Todavía no daba crédito. Era difícil que una chica tomara la iniciativa, así de golpe, sin tiempo de conocerse, poco más que de vista.

Salieron a la calle. Todavía era de día, pero la luz era más tenue, como correspondía a un frío día de febrero. Los árboles despoblados del Campo Grande, y la luz del atardecer que dialogaba con el brillo, igualmente suave, de las farolas. Todo invitaba a la melancolía.

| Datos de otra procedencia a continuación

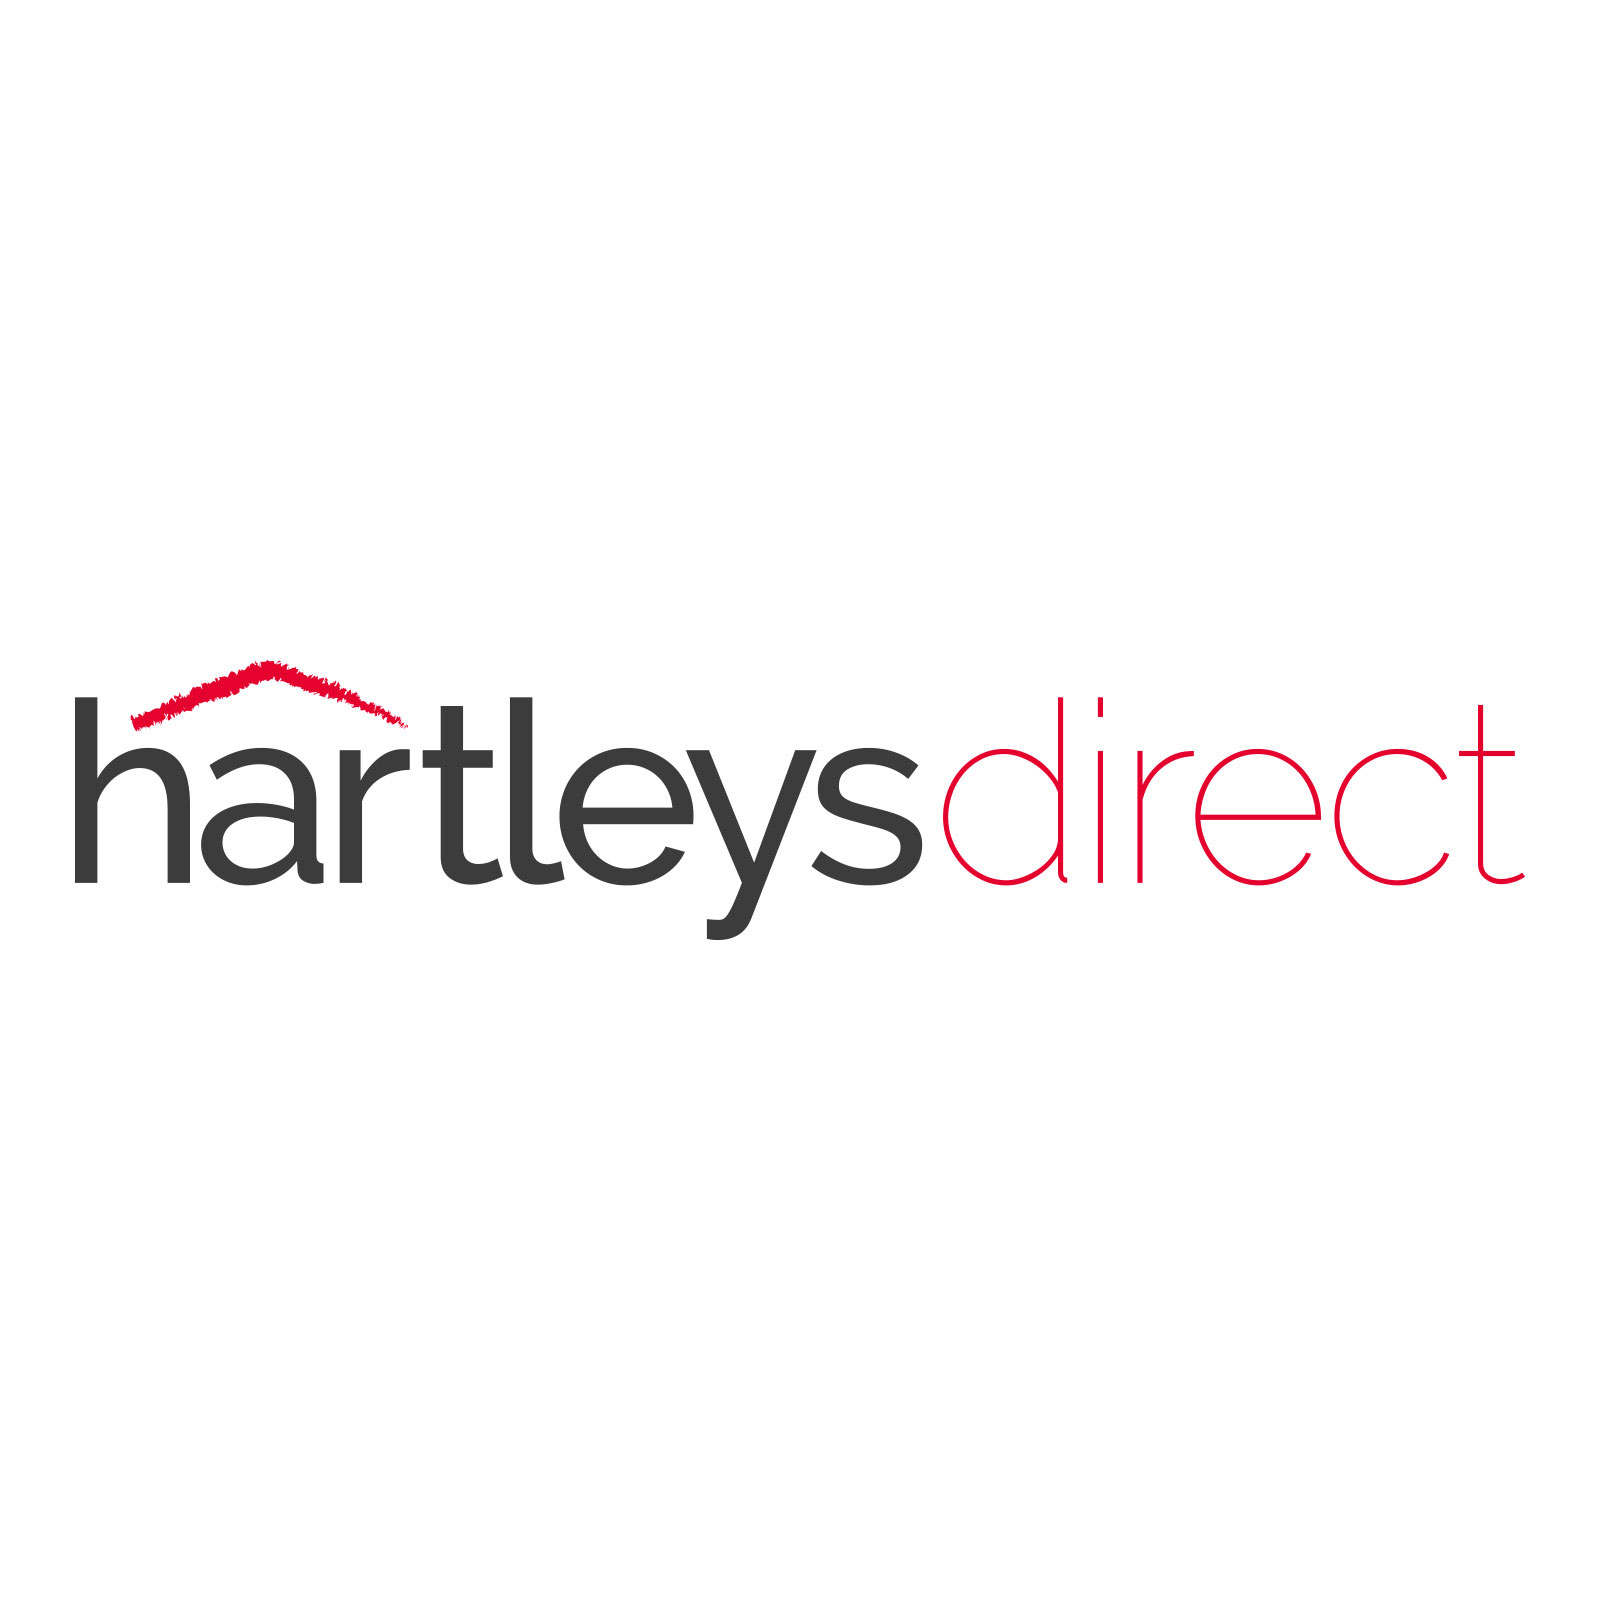 Hartleys-Set-of-4-Black-Bar-Stools-on-White-Background.jpg

Llegaron a un portal de la calle Santiago y subieron al apartamento de Luis. No perdieron mucho el tiempo. Luis puso el disco. Se besaron y comenzaron a desnudarse. Ella, desnuda de cintura para abajo, le bajó los pantalones y le empujó al sofá. Se puso sobre él y le besó. El se dejaba hacer, sorprendido por la actividad frenética que desarrollaba Amalia. Tras el respaldo del sofá había una estantería con libros y adornos, entre los que destacaba una réplica de la estatua de la libertad sobre un pedestal de mármol. Amelia le tapó los ojos con la mano izquierda mientras le besaba en la boca, y con la otra mano cogió la estatua y le golpeó en la sien con todas sus fuerzas. No hizo falta un segundo golpe. La quinta sinfonía llamaba al destino con sus potentes golpes de timbal.